Lakhs of new bank account openers of nationalised banks wait for their cards from October 2021 due to heavy chip shortage in the country.

Ashitha, a teenager who opened her account in November and waiting for the card said, “I am walking up and down for my debitcard. The bank only has excuses but no cards.”

The public sector banks in the country have 1.67 lakhs credit card and 63.72 lakhs debit card requests pending.

A verified source from a Nationalised bank’s South zone office said, “We have shortage of electronic chips in the country. We do not produce the chips rather we import. Recently, we have stopped importing from China and that is the reason behind the shortage.”

Rohini, senior manager from Indian Bank said, “We are coping up the shortage with our web application.
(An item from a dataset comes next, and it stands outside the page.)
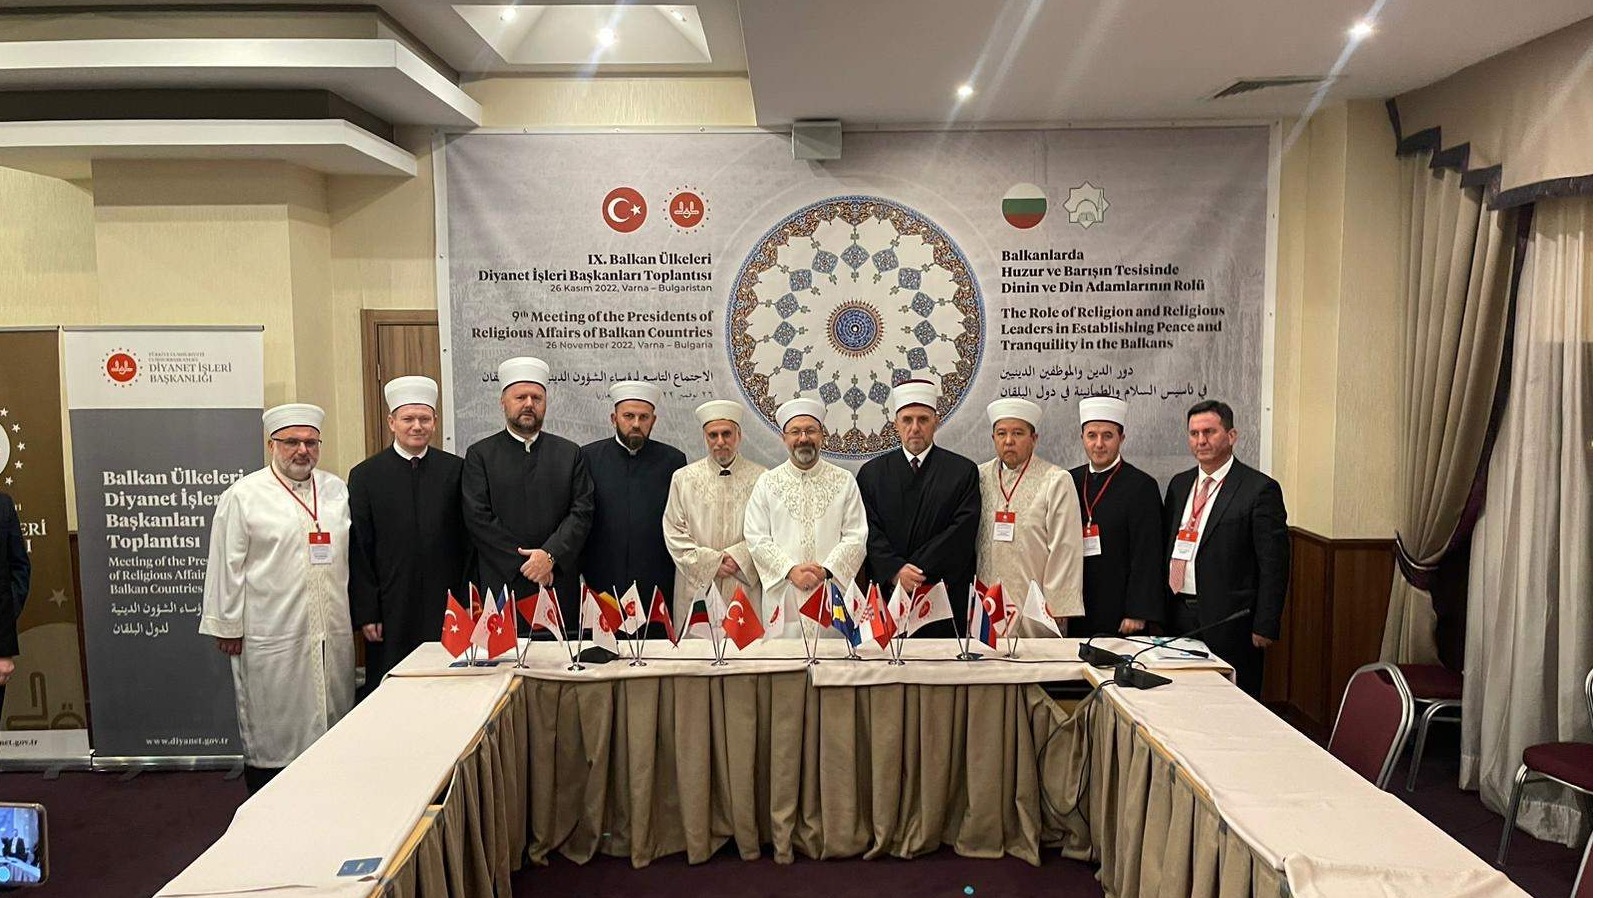 Bugarska: Održan skup "Uloga vjere i vjerskih lidera u izgradnji mira i sigurnosti u zemljama Balkana"

We are also getting the surplus cards from banks with less demandand giving it to banks with more demand like the city branches.”

Nalini, marketing head from Punjab National Bank (PNB) said the situation is prevalent in all Nationalised banks in the country. 

The Finance ministry has asked all the public sector banks to promote Rupay cards instead of the foreign cards. However, National Payments Corporation of India (NPCI)  that owns Rupay, has no indigenous chip producers.

Reserve Bank of India (RBI) had advised, “With effect from September 01, 2015 all new cards issued – debit and credit, domestic and international – by banks shall be EMV chip and pin based cards.”

However reports from the Finance ministry said that, “NPCI has informed that most of the mag-stripe cards are manufactured in India. A very little quantity of these cards is  manufactured outside India. However, most of the Smart Cards (EMV cards) are manufactured outside India.”